By: Melanie D. Booth

An effective Return to Work Program (RTW) is important to support employees who have faced an illness or injury. The program is intended to help employees who want to work in some capacity during their recovery phase. This would include working in a different capacity than their usual work duties, such as in a temporary or limited role. Of course, there is a benefit to employers in facilitating early re-entry to the workforce after an employee’s injury to avoid longer-term absences and the associated costs.

In this blog post, we outline some steps for employers on how to develop an effective return to work program. For legal advice tailored to your specific circumstances, please contact us. 

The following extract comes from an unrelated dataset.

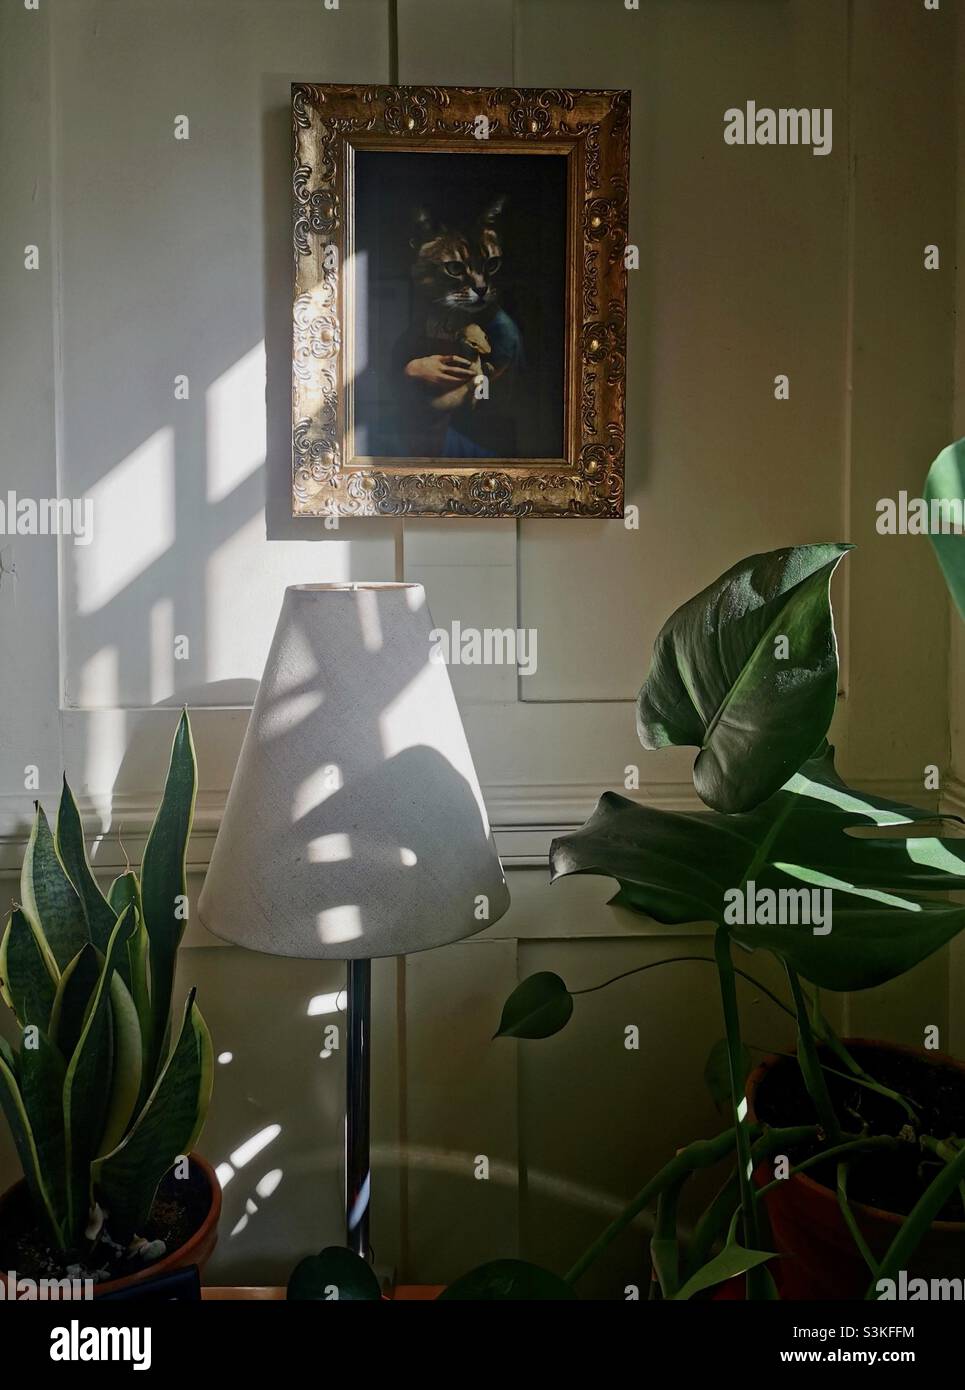 détail de l'intérieur avec reflet de l'ombre et cadre doré, abat-jour et plantes Banque D'Images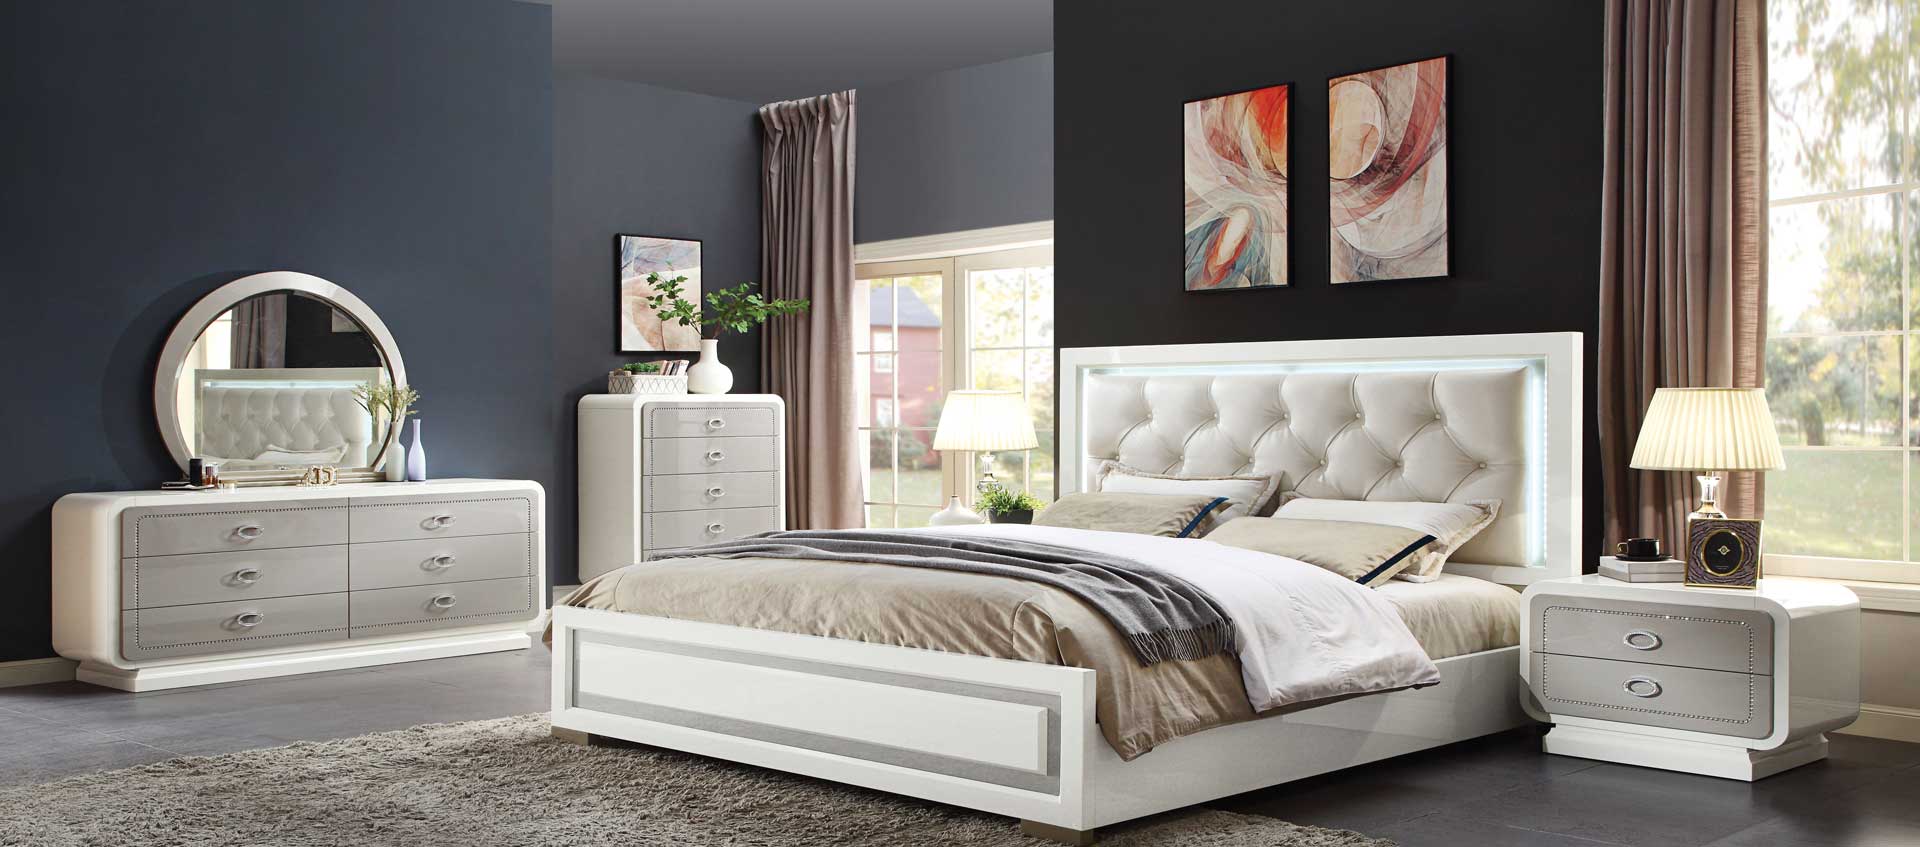 bedroom furniture stores dunellen

Develop a stay at work/return to work (RTW) policy

The first step that you can take is to create a Stay at Work/Return to Work policy. You should consider the injuries that are to be covered by the policy, including work-related (WorkSafeBC), non-work related (sporting injuries, MVA, slips and falls, and other STD and LTD claims) and other clauses. For each of the positions within the company, you can prepare a physical job demand analysis. In addition, it is recommended that you create an Occupational Fitness Assessment form for employees to provide to their medical provider (GP) to assess their ability to work with more specificity. A Weekly Assessment Form will allow you to monitor the employee’s progress on a weekly basis. There should be a position/job role for a RTW coordinator at your company to facilitate the program with interaction from supervisors and management. It is important that you educate and train staff and management regarding the RTW policy and plan.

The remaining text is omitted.